Everyone blames the current economic crisis on two primary factors: First, they say, deregulation allowed greedy lenders to take unfair advantage of innocent consumers. Second, they say, greedy consumers were taking unfair advantage of innocent lenders who then found themselves with worthless portfolios when those unscrupulous homeowners decided not to pay back all the money they'd stolen.
Things are a little more complicated than that, though. A
lot more complicated than that, actually. The system that the United States has set up for borrowing and lending money to buy homes, and then for servicing and regulating those loans, and then for enforcing the terms of the loans, is amazingly complex.
Amazingly.How
amazingly complex is it? I'll tell you: it's so amazingly complex that lenders have now set up systems to
decomplicate things when they have to go to court to enforce their notes; and, it's so amazingly complex that lenders can do things that are blatantly illegal and then argue that they didn't do anything wrong at all and mislead courts about what they're doing and almost get away with it. And, it's so amazingly complex that homeowners, lawyers, and federal judges have to use every resource at their disposal
simply to figure out what the lender is doing.Any consideration of the current economic crisis, any consideration of how to address foreclosures, any consideration of who is "wrong" and who is "right" in any aspect of the current mess needs to begin with considering
The Strange, Alarming, Sad, and Ultimately Wonderful Case of Dorothy Chase Stewart. And, if you own a home or want to someday,
you need to read this. Because it could happen to you.
Let's begin at the beginning.

In 1999, Dorothy Chase Stewart got a loan from a company called "Norwest Mortgage." The loan was secured by a mortgage against her house. Ms. Stewart ran into financial troubles -- of an unclear nature -- and filed bankruptcy. She actually filed bankruptcy
three times. Her husband filed in 2002, and she filed in 2004, both without the help of a lawyer. In each of those situations, her case was dismissed because the payments required to be made by a debtor were not made.
(Chapter 13 Bankruptcies typically require that a debtor make payments to a "bankruptcy trustee." The trustee then uses those payments to pay off some or all creditors for a period of time.
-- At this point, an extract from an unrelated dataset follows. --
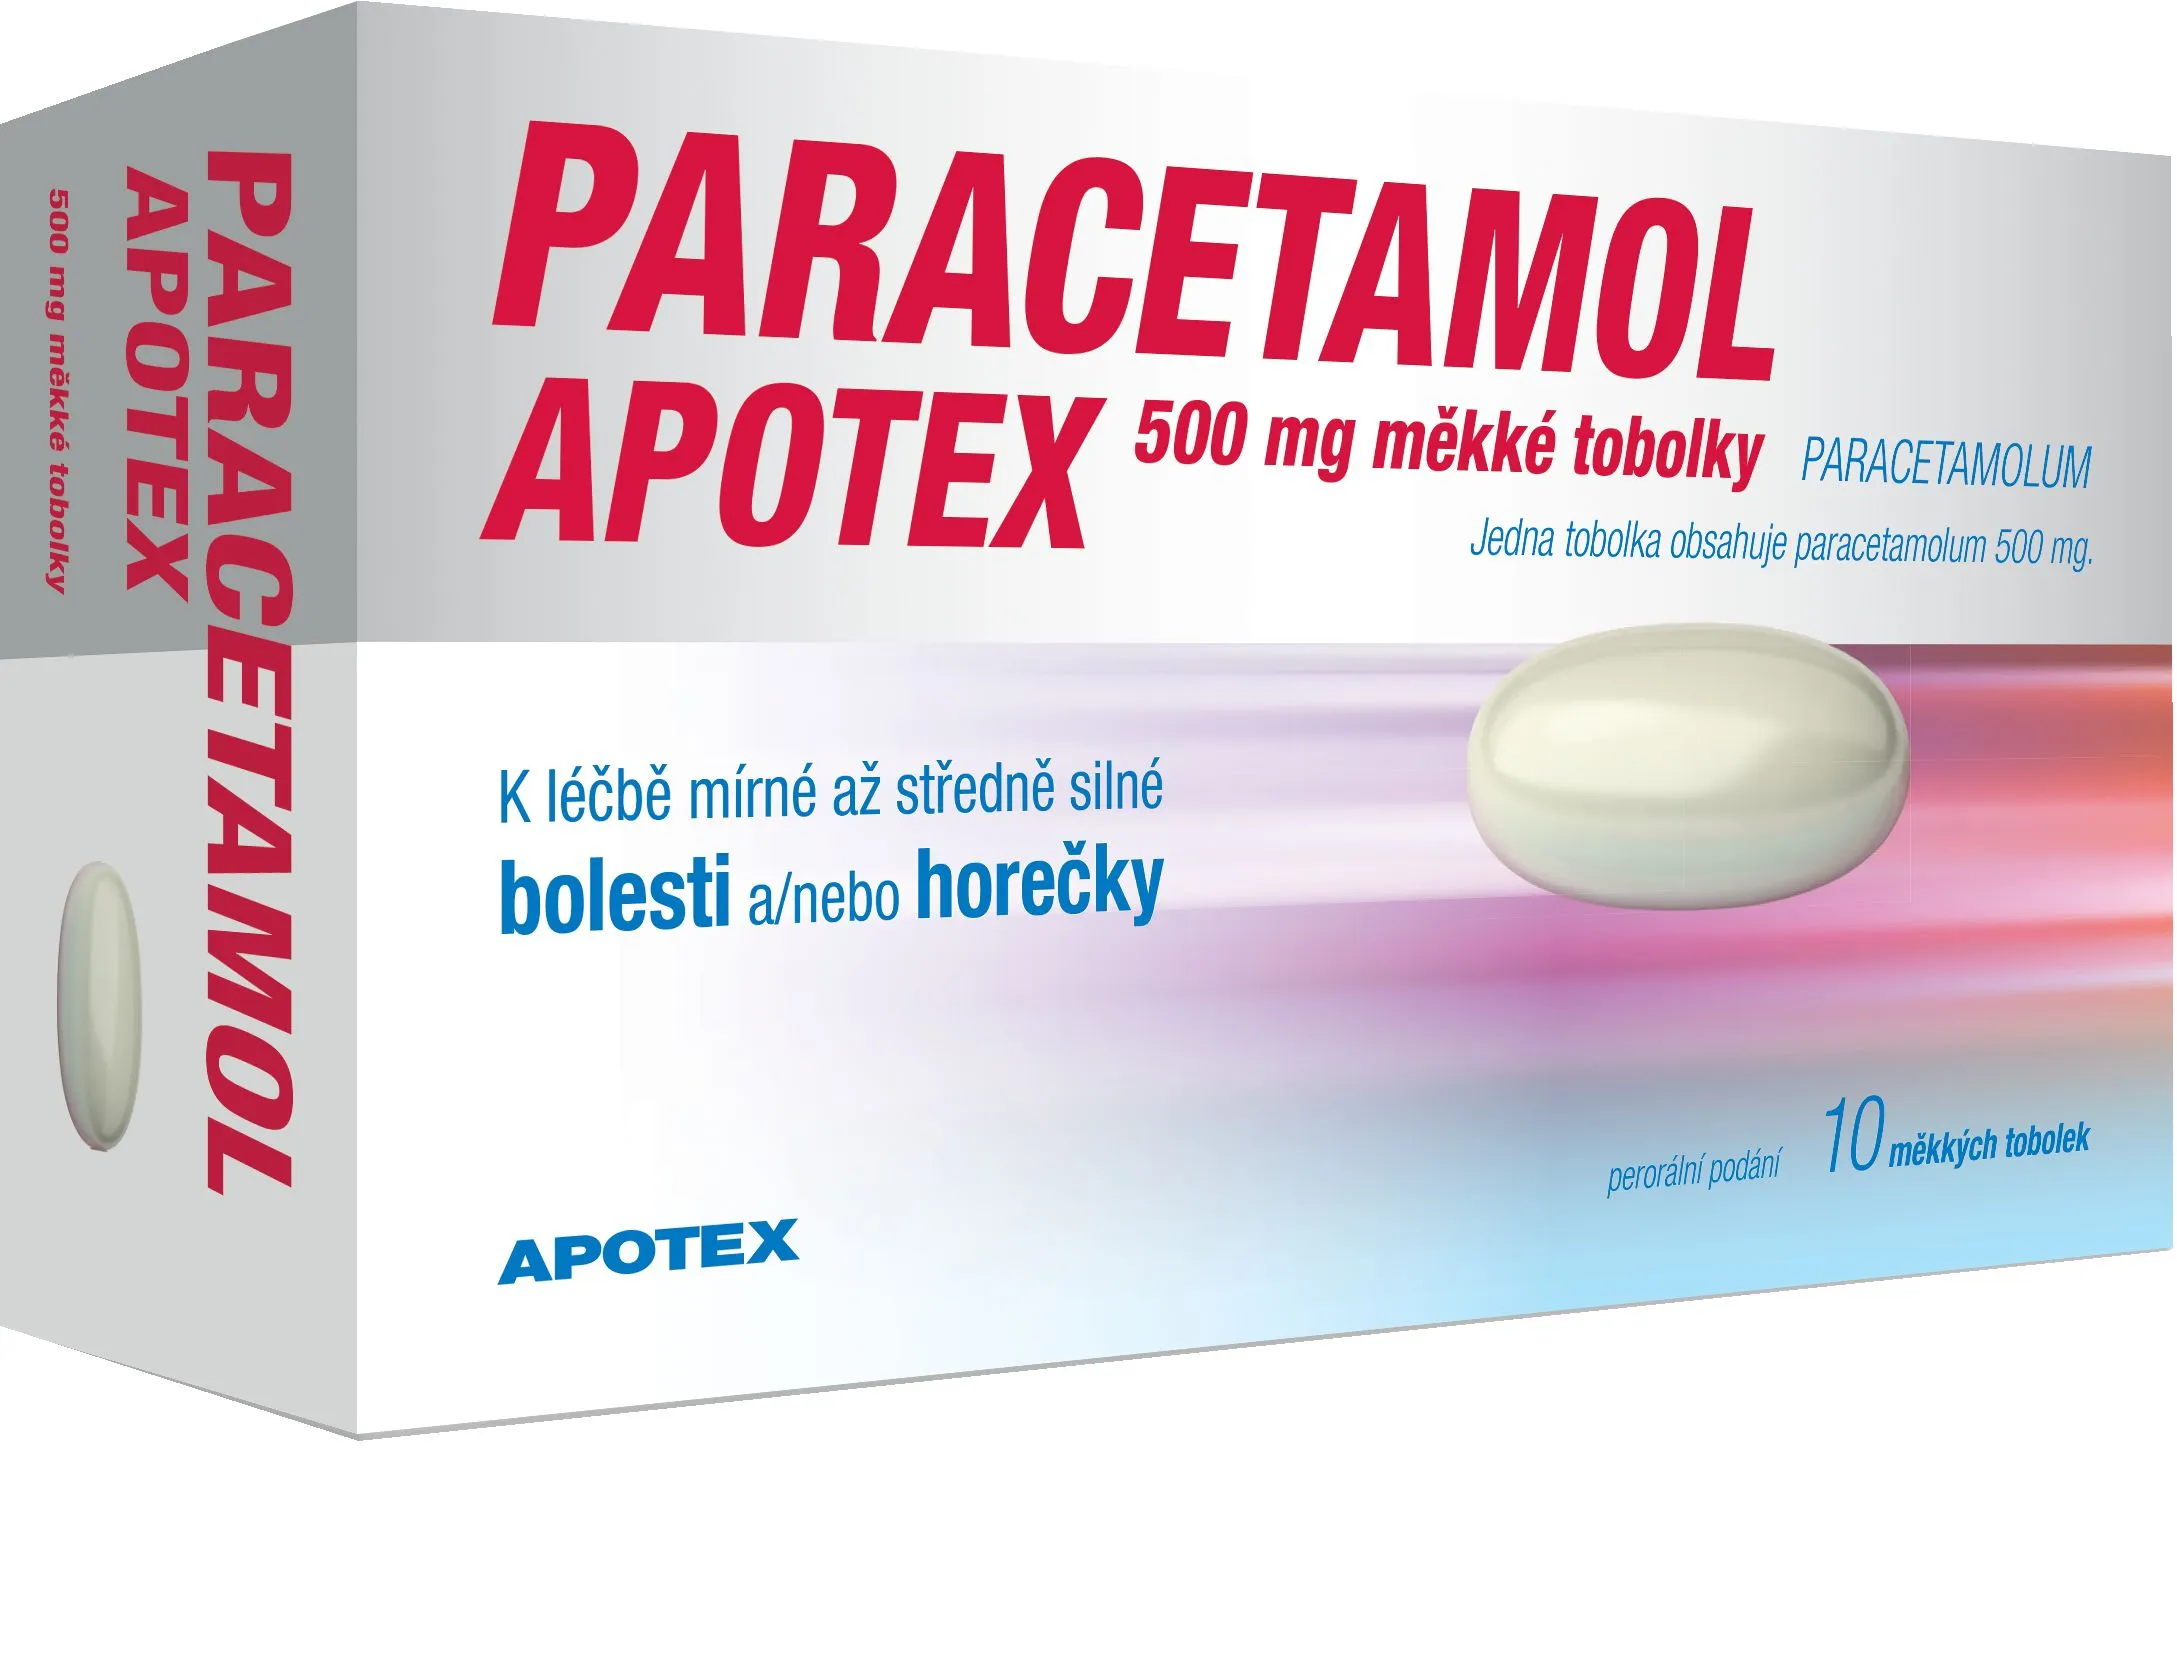 Paracetamol Apotex 500 mg 10 tobolek

So it's not true that filing bankruptcy means walking away from your debts.)
Dorothy filed for bankruptcy protection again on June 12, 2007. By that time, her mortgage was held by "Lehmann Brothers" and was being "serviced" by Wells Fargo.
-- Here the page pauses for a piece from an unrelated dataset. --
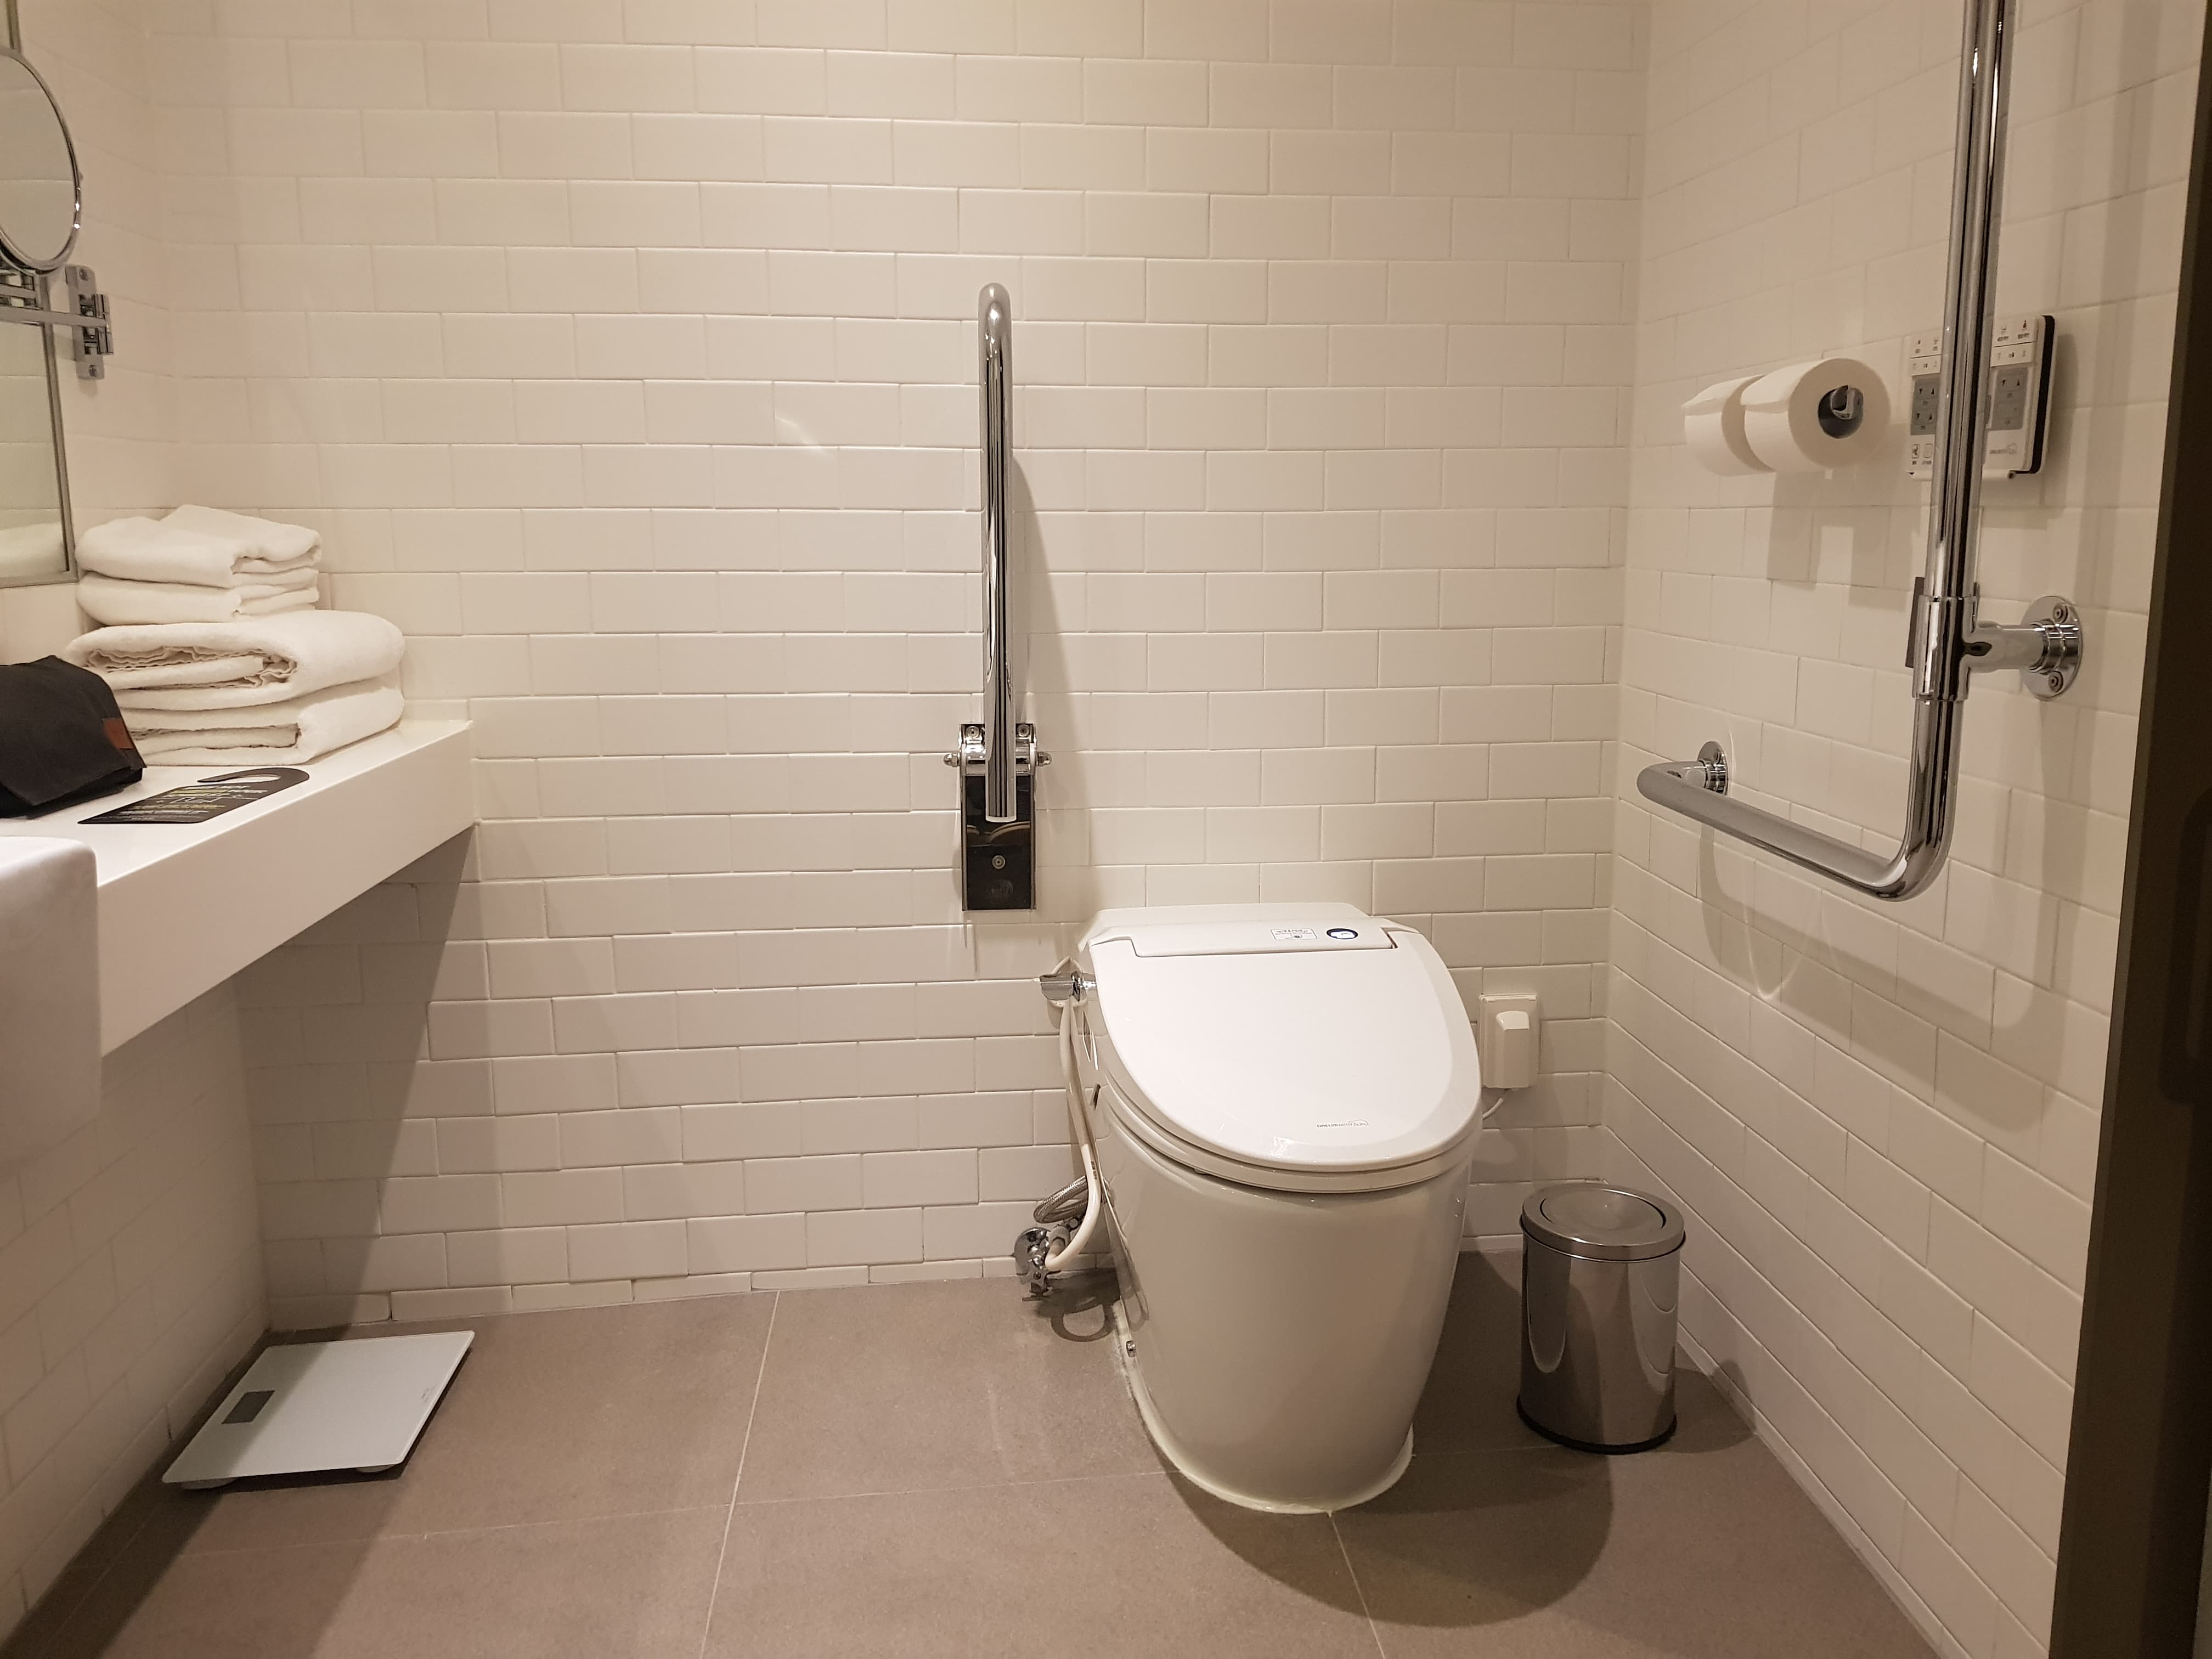 장애인 객실 화장실 0 : 안전 손잡이가 설치된 화장실

That means that Dorothy owed the payments to Lehmann Brothers, but that Wells Fargo would be the company that would send notices, collect the payments, apply them to the loan, and keep an account of the administration of the loan.
In a bankruptcy case such as Dorothy's, creditors file a "proof of claim," a legal pleading that tells the bankruptcy court how much money the creditor feels it is owed by the debtor; the amount to be listed is the amount owed prior to the filing of a bankruptcy petition. Wells Fargo, as the servicer, filed a proof of claim in Dorothy's case saying they were owed $33,641.80. They filed that "proof of claim" on July 12, 2007. So Wells Fargo, which is charged by contract with administering Dorothy's loan, told a bankruptcy court on July 12, 2007, that Dorothy had owed Lehmann $33,641.80 as of the date she filed bankruptcy.
On August 20, 2007, Wells Fargo "amended" (changed) its claim to add in two additional payments it said it was owed, increasing that to about $35,000.
Of that $35,000 or so, only about $25,000 was for actual past-due payments. Over $7,000 was for attorney's fees and "other... charges." There was also a request, in there, for $776 in "late charges," fees Wells Fargo wanted to assess Dorothy for making late payments before the bankruptcy.
That's where the dispute arose. Dorothy, when her lawyer received the "proof of claim" asking for $35,000 -- of which about $8000 was "late charges," "attorney's fees" and "Other... charges," objected to paying that amount. That set into motion a process that bankruptcy courts use to determine how much a debtor might have to pay a creditor: After Dorothy objected, Wells Fargo submitted additional proof of the amounts it claimed to be owed. It itemized things out, it included invoices, it had affidavits (sworn statements) attesting to how much it was owed.
And yet, Dorothy
still objected to paying those amounts. She objected,
in part, because Wells Fargo still hadn't put all the information in that it might have, and she objected, in part, because Wells Fargo wasn't supposed to get all that money.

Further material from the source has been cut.